Dostoevsky, 19th-Century Socialism, and the 21st Century: Part 2

Originally written for and published by The Mallard.


In the previous portion of this two-part article, I examined Russian novelist Fyodor Dostoevsky’s arrest for participation in an illegal socialist printing plot and the changes of belief and perspective that would result. Entering his Siberian labor camp with all the humanitarian assumptions of the privileged upper class, he discovered that the atheist socialism advocated by the mid-19th-century intelligentsia possessed a woefully inadequate understanding of average Russians and, thus, of how to achieve social progress among them. As he would later write in The House of the Dead

“It was practically my first contact with men of the peasant class…I was surprised and confused, as though I had heard nothing of all this and had not suspected its existence. Yet I had heard of it and knew of it. But the reality makes quite a different impression from what one hears and knows.” 

In this article I will examine how Dostoevsky would surmount his own preconceptions about the convicts around him, as well as how the experience would influence his later works. 

The initial debunking of his naive assumptions about the oppression of the peasants, the origins of crime, and the nature of private property and diversity of thought posed many questions for Dostoevsky, especially regarding his future as a writer. How was he to advocate on behalf of a nation he loved when he possessed such disgust for its people? More importantly, how could he do so when his previous beliefs—those shared by the supposedly most enlightened and educated members of the elite classes—had been so called into question by reality? In what would become a theme in several of his later works, it would be in the tested and established past, rather than in the supposedly progressive future, that he would find the answer.

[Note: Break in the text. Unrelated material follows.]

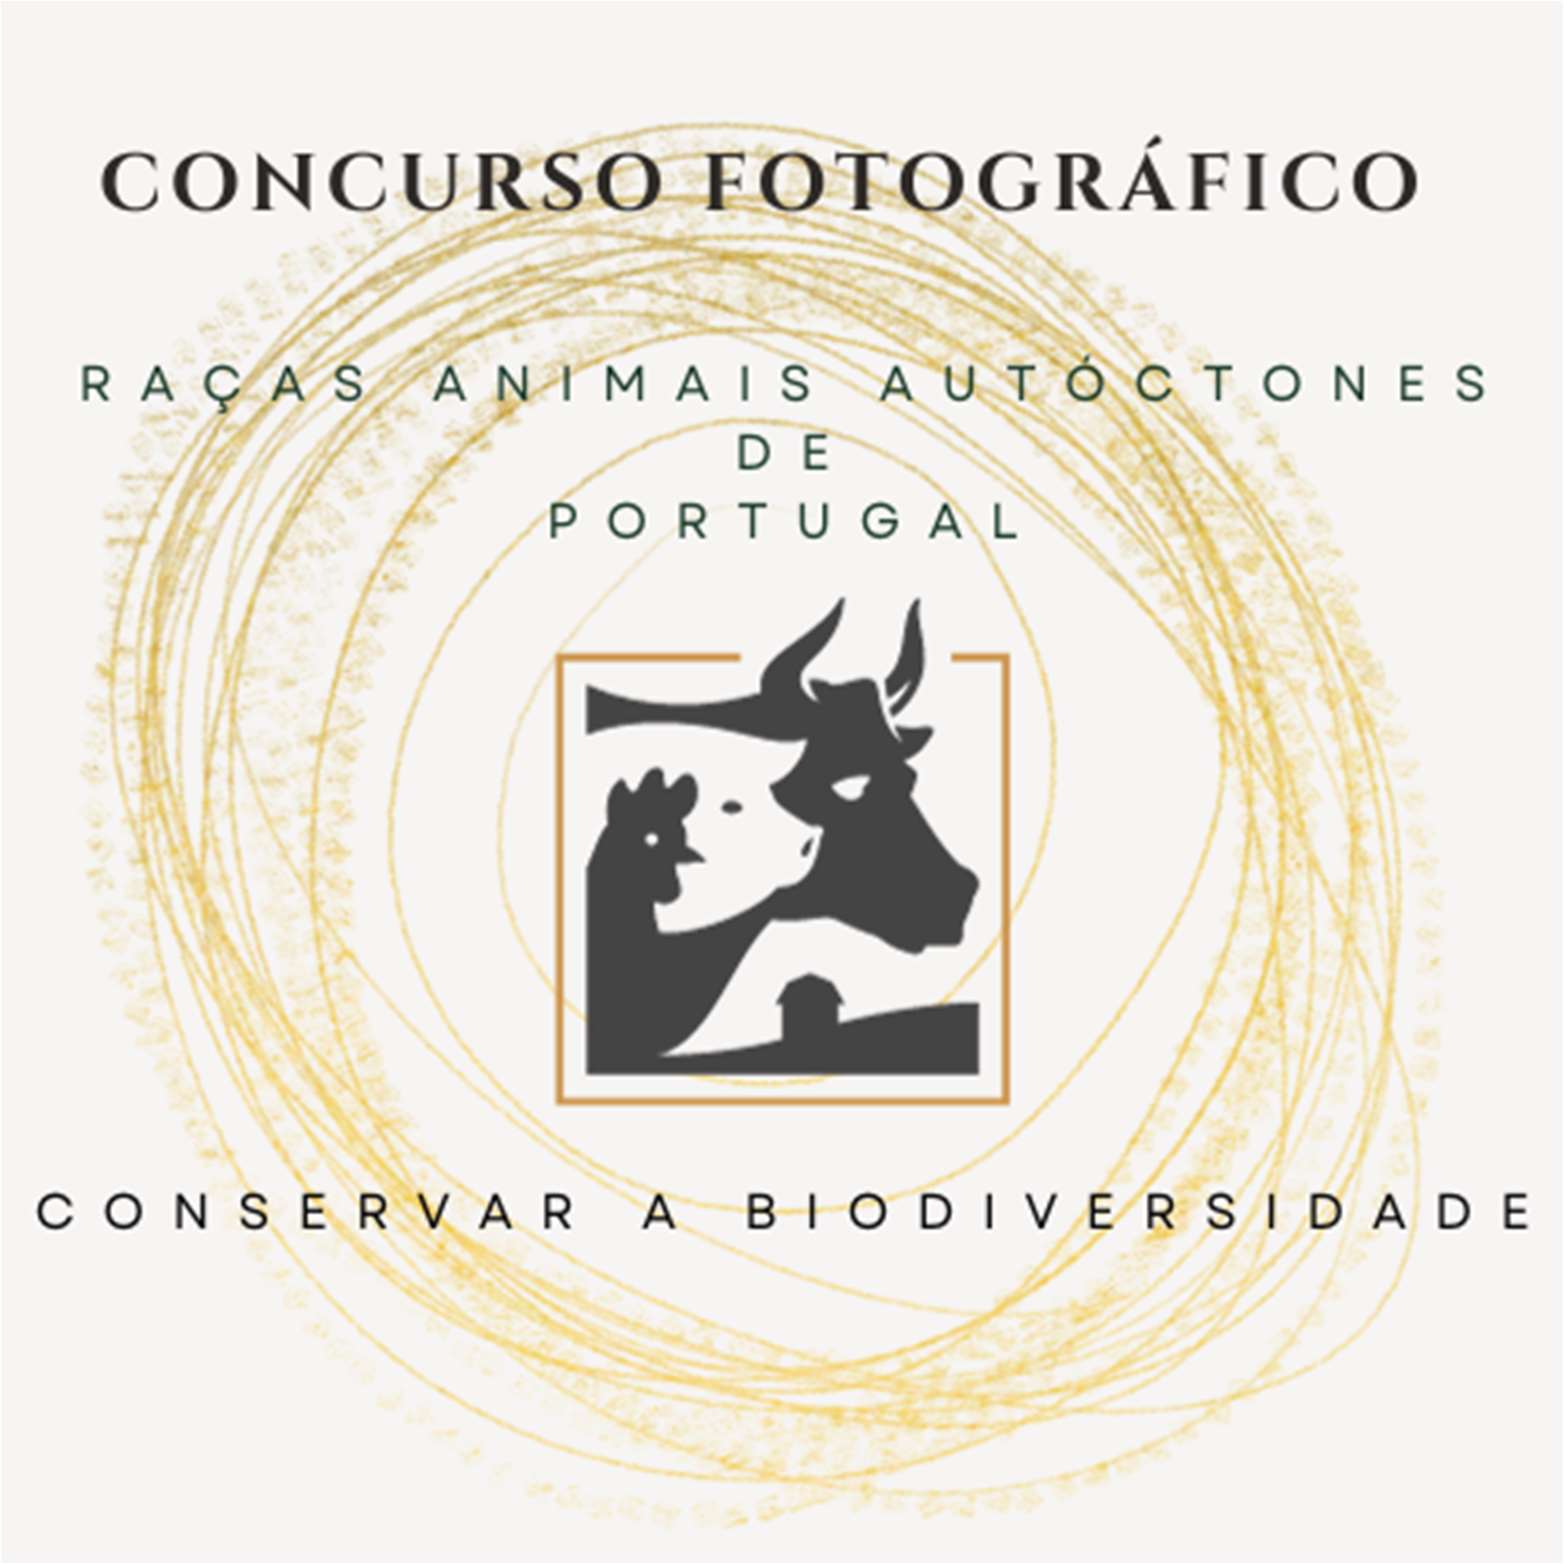 Nota Imprensa ConcursoFotografico RacasAutoctones

Cognitive Dissonance and Humbling

More shocking to Dostoevsky than the insufficiency of his beliefs was the transition that took place in himself as his brotherly love turned to a mixed revulsion for and desire to be accepted by the convicts. Still in shock at the irony of casual violence and, he would discover, the convicts’ own desire to be trusted, the turbid state of his convictions pushed Dostoevsky into a dazed depression, and in the katorga he would develop the epilepsy that would characterize him and his work for the rest of his life. 

Among the reasons for Dostoevsky’s initial perturbation was his inability to understand the convicts. When first assigned to labor in his first week, he confesses the role his expectations played in how he saw the other convicts. 

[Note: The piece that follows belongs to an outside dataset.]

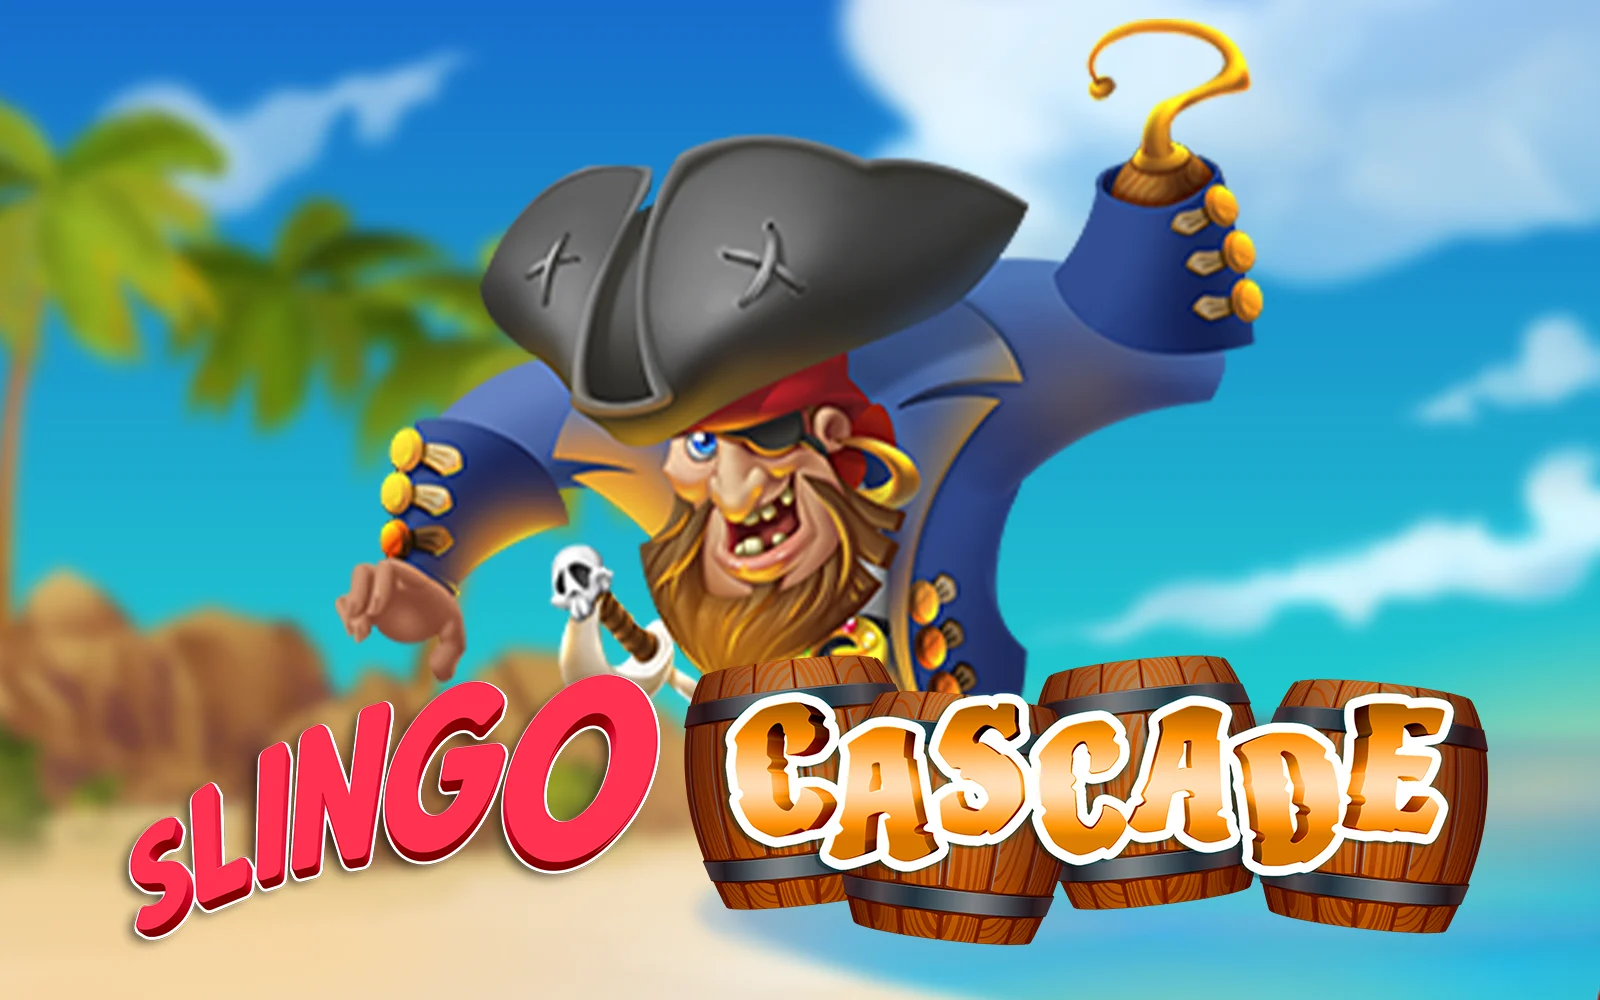 Speel Slingo Cascade op Starcasino.be online casino

“Everything about me was hostile and—terrible, for though not everything was really so, it seemed so to me…Of course, there was a great deal I did not notice then. I had no suspicion of things that were going on in front of me. I did not divine the presence of consolation in the midst of all that was hostile.”

Shocked into an anxious humility, Dostoevsky spent his early days, “wandering miserably about the prison and lying on the bed.” Unfortunately, even in later years, the author who pioneered the exploration of character psychology did not write much about his own psychological state during this time. In the second volume of his biography on the author, Joseph Frank writes that it is most plausible “to see him, at first, gradually trying to make sense out of his exposure to a whole range of new impressions that had clashed with his preconceived notions, and only subsequently coming to understand in a more self-conscious fashion how his experience had changed his ideas.” However, unlike his previous (and many later) characters who more often dig into and seek to fortify their convictions when faced with their irrationality, Dostoevsky allowed the experience to prime him into a teachable humility which would allow him to see past his preconceived notions about the convicts and Russian politics and spirituality.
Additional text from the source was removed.